Beria na pierwszym kanale. Dlaczego wrócił na czas. Drogi Towarzyszu Beria Film o Berii na pierwszy rzut oka

Channel One wyemitował serial dokumentalny o przywódcach sowieckich, którego autorzy podjęli próbę oczyszczenia ich nazwisk z fikcji, które pojawiły się za Chruszczowa i w latach pierestrojki.

Pierwsza seria poświęcona jest Ławrientijowi Berii, który pojawia się nie w wizerunku szalonego kata znanego z postsowieckiego dyskursu, ale jako „nadzorca państwa”, który od porażki wykonywał najważniejsze zadania państwa sowieckiego islamistów na Zakaukaziu na początku swojej kariery do stworzenia tarczy nuklearnej ZSRR w zenicie.

Na początku filmu Beria pojawia się jako utalentowany, pracowity, zdyscyplinowany młody człowiek, który dołącza do bolszewików w przededniu rewolucji, pod wrażeniem opresyjnej nierówności społecznej w Imperium Rosyjskim. Następnie, dzięki swoim talentom, Beria robi błyskotliwą karierę w agencjach bezpieczeństwa państwowego Azerbejdżanu i Gruzji, a następnie przechodzi na poziom ogólnounijny.

Najbardziej krytyczny moment biografii Berii - powołanie na stanowisko Ludowego Komisarza Spraw Wewnętrznych ZSRR po Nikołaju Jeżowie, który zorganizował Wielki Terror - przedstawili autorzy filmu bez histerii. Fakty pokazują, że wraz z nadejściem Berii liczba egzekucji gwałtownie spadła, zwolniono setki tysięcy ludzi, a organizatorzy nadużyć na niespotykaną skalę zostali ukarani, w tym sam Jeżow, który stracił życie.

Podczas Wielkiej Wojny Ojczyźnianej Beria została członkiem Komitetu Obrony Państwa i była odpowiedzialna za produkcję samolotów, silników i broni.

Po wojnie otrzymał fundamentalne zadanie dla przetrwania ZSRR - wyeliminowanie monopolu nuklearnego USA, stworzenie warunków dla naukowców i rusznikarzy do osiągnięcia maksymalnej wydajności w pracy nad stworzeniem radzieckiej bomby atomowej. Rozkaz ten został wykonany znakomicie i Amerykanie porzucili plany bombardowania miast ZSRR w taki sam sposób, jak zrobili to z Hiroszimą i Nagasaki.
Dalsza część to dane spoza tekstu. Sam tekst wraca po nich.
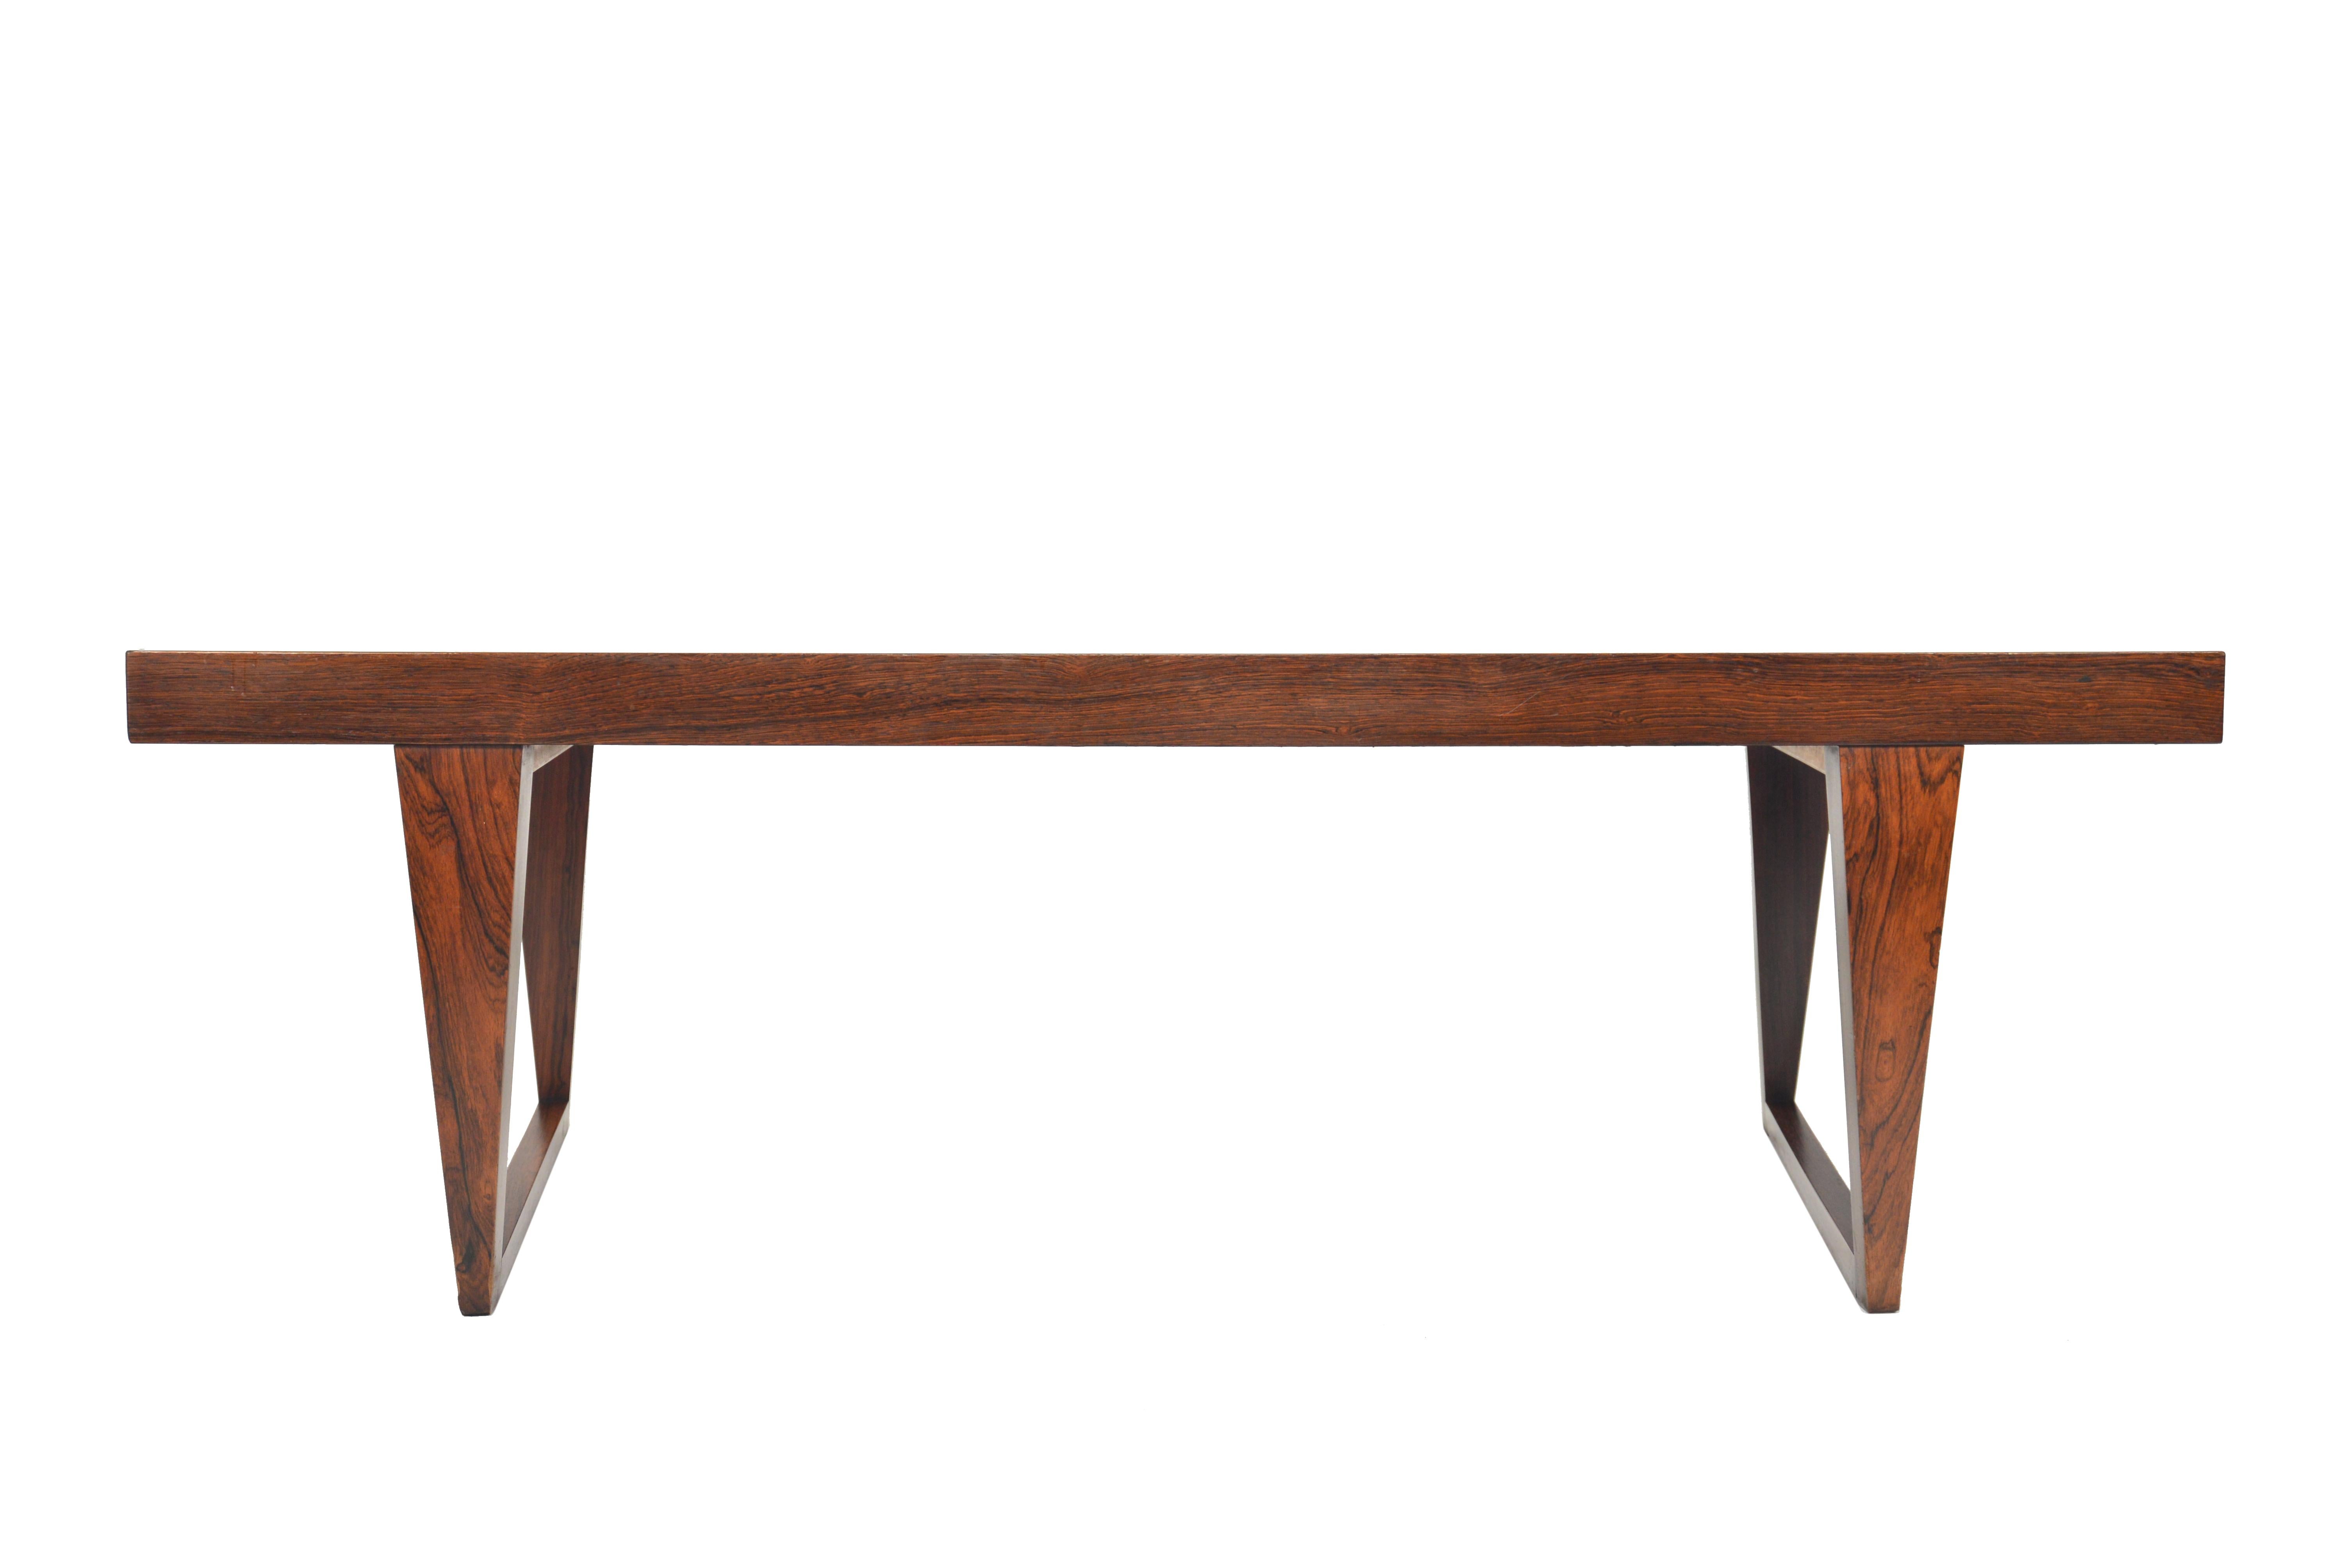 This Danish modern midcentury coffee table in rosewood was designed by Leif Hansen for the ‘Geisha’ collection. Expertly built, this gorgeous piece features a sweeping curve rosewood tabletop and stands on a sleigh base. In excellent original

W 1953 r. Ławrientij Beria został pokonany w walce o władzę po śmierci Stalina przez grupę zwolenników Nikity Chruszczowa, który proroczo pozyskał poparcie armii. W rezultacie Beria został zastrzelony po niezwykle wątpliwym procesie, a jego nazwisko zostało zaczernione i usunięte z sowieckiej administracji. Pamiętali Berię tylko w latach pierestrojki, ale dopiero wtedy, by w końcu zamienić go w stracha na wróble w postaci krwawego kata.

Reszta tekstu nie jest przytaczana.